6. If you had only one sentence (per WIP) to get someone to read your books, what would the sentences be? They wouldn’t because I suck at loglinesss...humourously though?
IF: an entire continent is saved from the ravages of war by the ancient art of sexting via treaty negotiations Space Royalty: ‘she stabbed me? god-fucking-dammit I am so in love with her’ Piracy Pay: you get to chug your drink every time I kill a character
7. If your protagonists fought to the death, which one would win? Protags? Depends if morals were removed, and whether it was on-on-one. Koronis, if not -he’s an emperor with black magic and an entire galaxy-wide army.  If it was on-on-one with minimised morals, Ace would stand a damn good chance. Boy is smarter than he gives himself credit for, and very adaptable. Galaxy is also pretty viable. Girl can swing a superpowered punch like she means it, and she hasn’t survived this long on luck alone.
8. Which protagonist(s) would survive the zombie apocalypse?
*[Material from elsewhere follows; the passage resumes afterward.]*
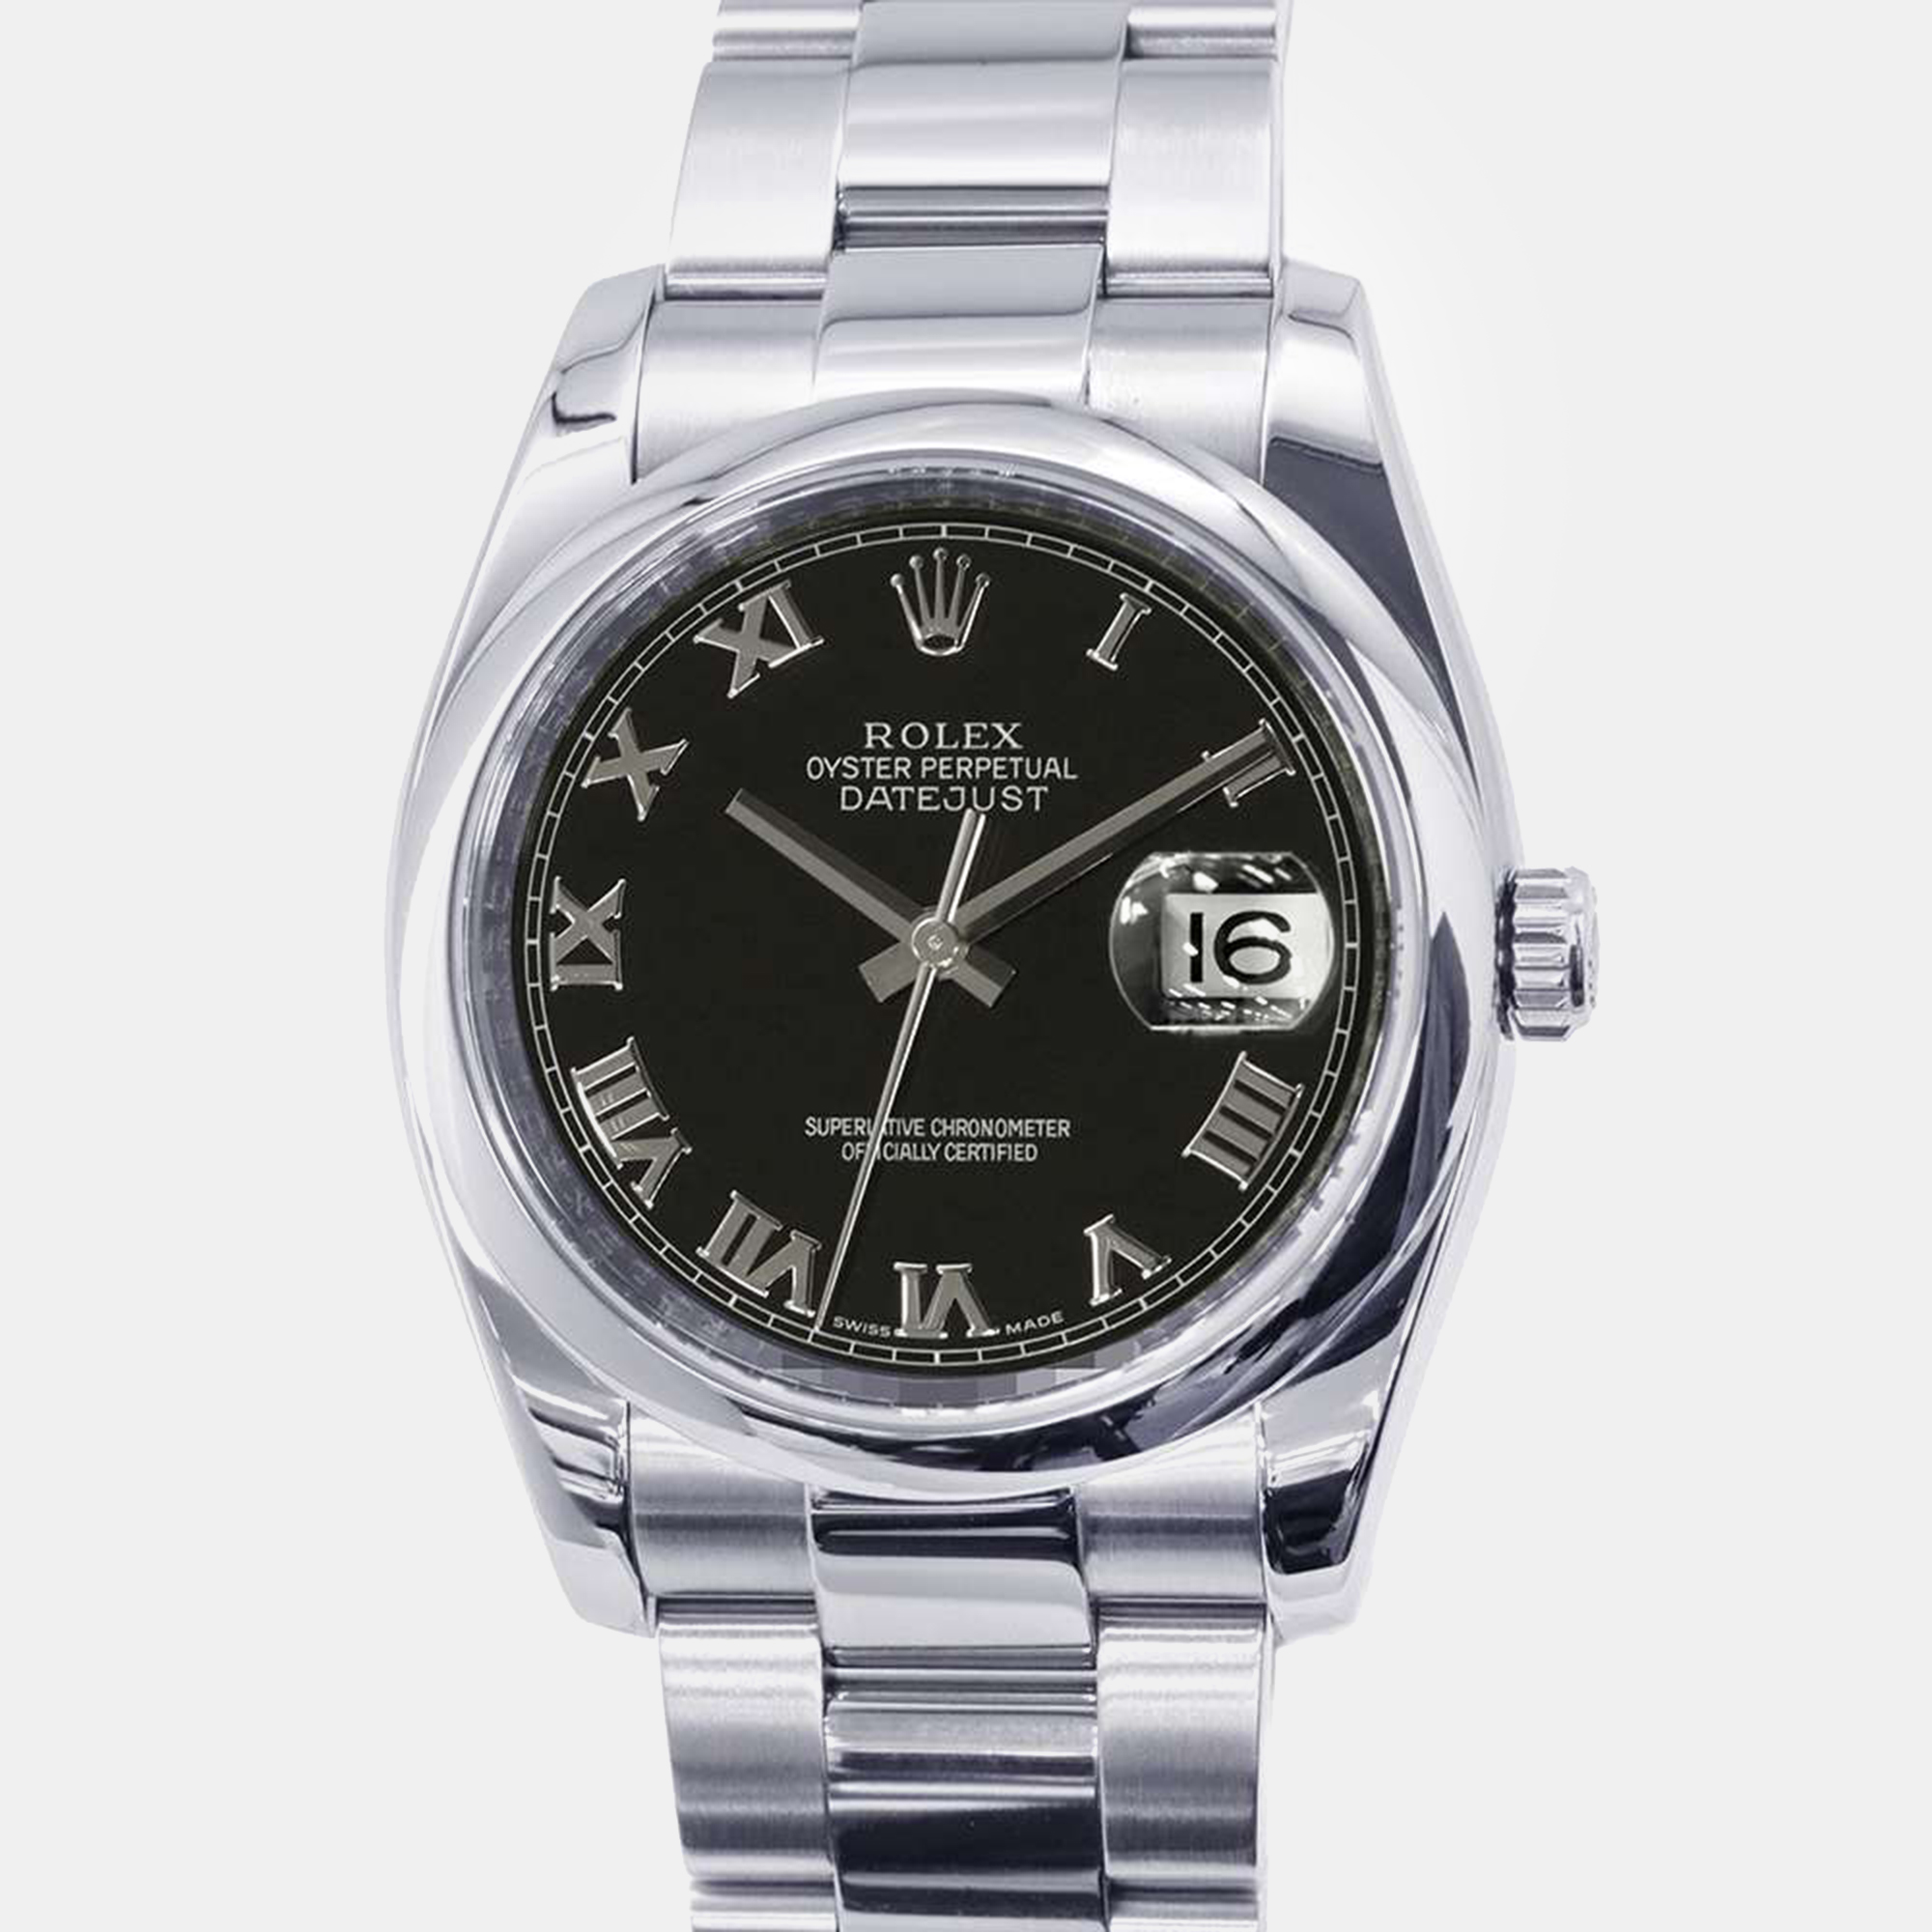 Rolex black stainless steel datejust 116200 automatic men's wristwatch 36 mm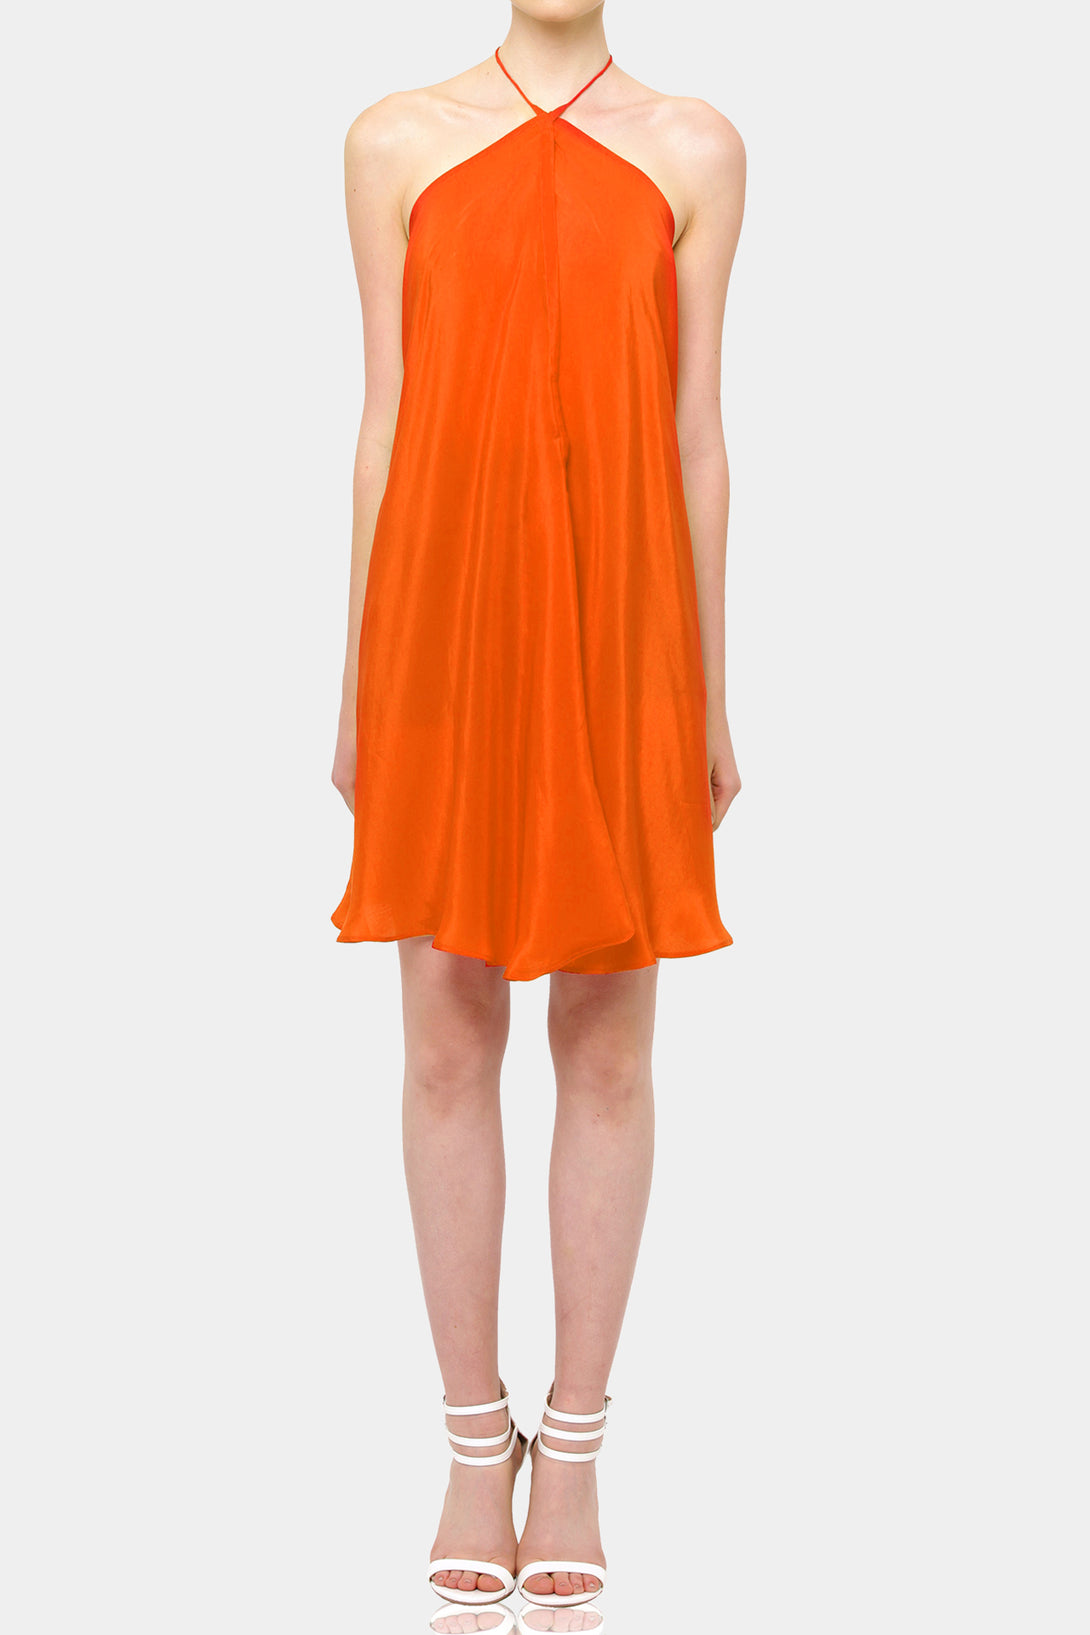   bright orange mini dress, designer mini dress, Shahida Parides, classy mini dress,

Koronis would. Ace would die trying to save someone else. Solaris would...provided Monarch was dragging him around, and even then they might go down together in a dramatic last stand. Galaxy would be in charge of a small, benevolent queendom. Cleo would, those plant skills would make her handy to any new civilisation. Fact would go down staving off the hoardes so everyone else could run. Rosalie would think she was the weak link of her group, but they would probably keep her alive; L’aura would kick zombie ass.
9. Which is your favorite story you have written or are working on? Space Royalty is damn fun to write -the benefits of extravagant, overdramatic space operas I suppose. Piracy Pays has had a good reception, so I’m pretty proud of that. Hopefully I can keep the momentum going until the end! It is a huge pain o write though
10. Which of your characters is your favorite villain and why? Raph is my evil supervillin crimelord Big Bad and I adore him utterly
11. When do you find is the best time of day for writing? Evening! 8pm-1am
*******************************************************************************************
tagged by the lovely @a-sundeen​! this is so old I bet you don’t even remember tagging me, oopsie
1. When you’re describing a new character, what feature do you usually note first? Build, usually, as in their height/weight ratio, muscles/skinniness or lack of, how they carry themself etc. The reason for this is that I often start with the macro ‘impression’ of the character before zooming in on a few specifics. I try to use an interesting description or comparison here as well.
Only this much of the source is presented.